Fresco aire de montaña. Podría vivir allí con Katrine. Pero la isla a la que se habían mudado era completamente llana, allí no había montañas. Ni ninguna Katrine…

De repente, le costó respirar. Se inclinó hacia delante y sintió que las lágrimas anegaban sus ojos.

–¿No se encuentra bien? –preguntó Marianne.
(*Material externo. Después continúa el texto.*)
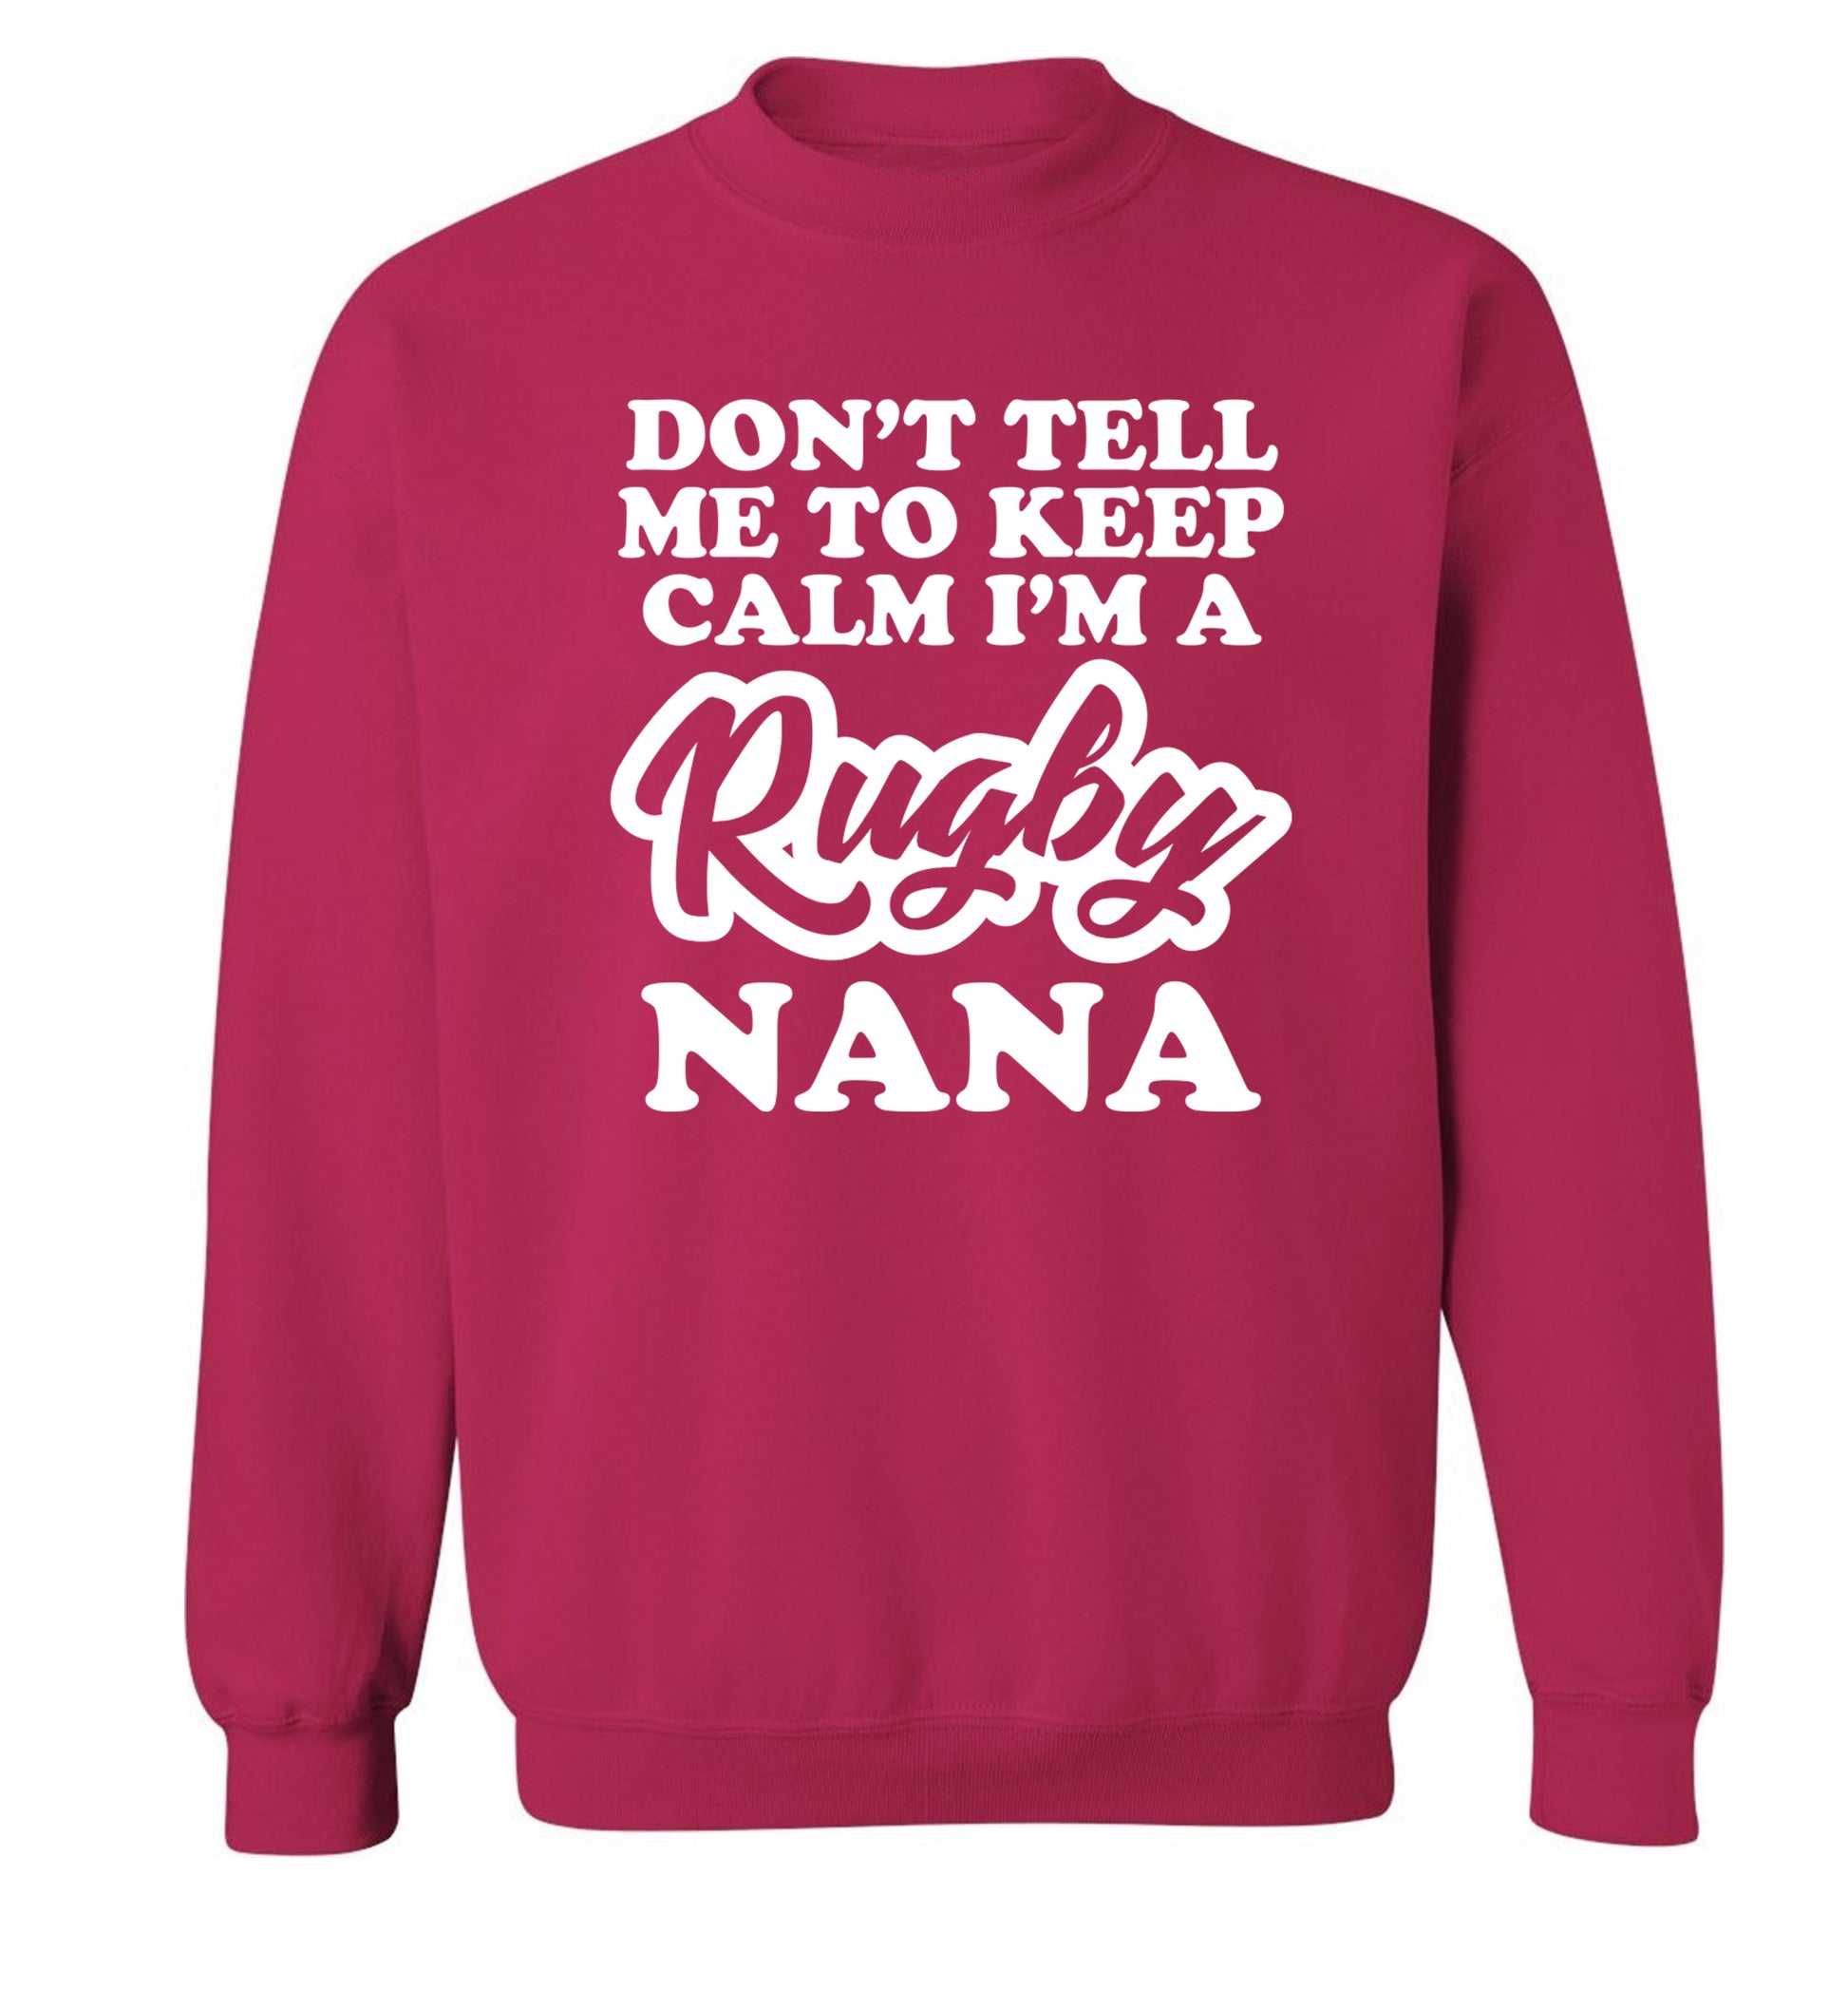 Don't tell me to keep calm I'm a rugby nana Adult's unisex pink Sweater 2XL

Él negó con la cabeza, se inclinó sobre la mesa y rompió a llorar. No, no se encontraba bien. No estaba bien, tenía la carne machacada.

¡Oh, Katrine… y Ethel!

Lloró y sollozó sin parar durante varios minutos, ajeno a lo que le rodeaba. Oyó voces susurrantes y sillas que se movían con cuidado, pero no podía detener el llanto. Sintió una mano cálida que se posaba sobre su hombro, donde permaneció unos segundos antes de retirarse. Después, la puerta de la cocina se cerró quedamente.

Cuando al fin pudo dejar de llorar, vio que estaba solo. El motor de un coche arrancaba en el jardín.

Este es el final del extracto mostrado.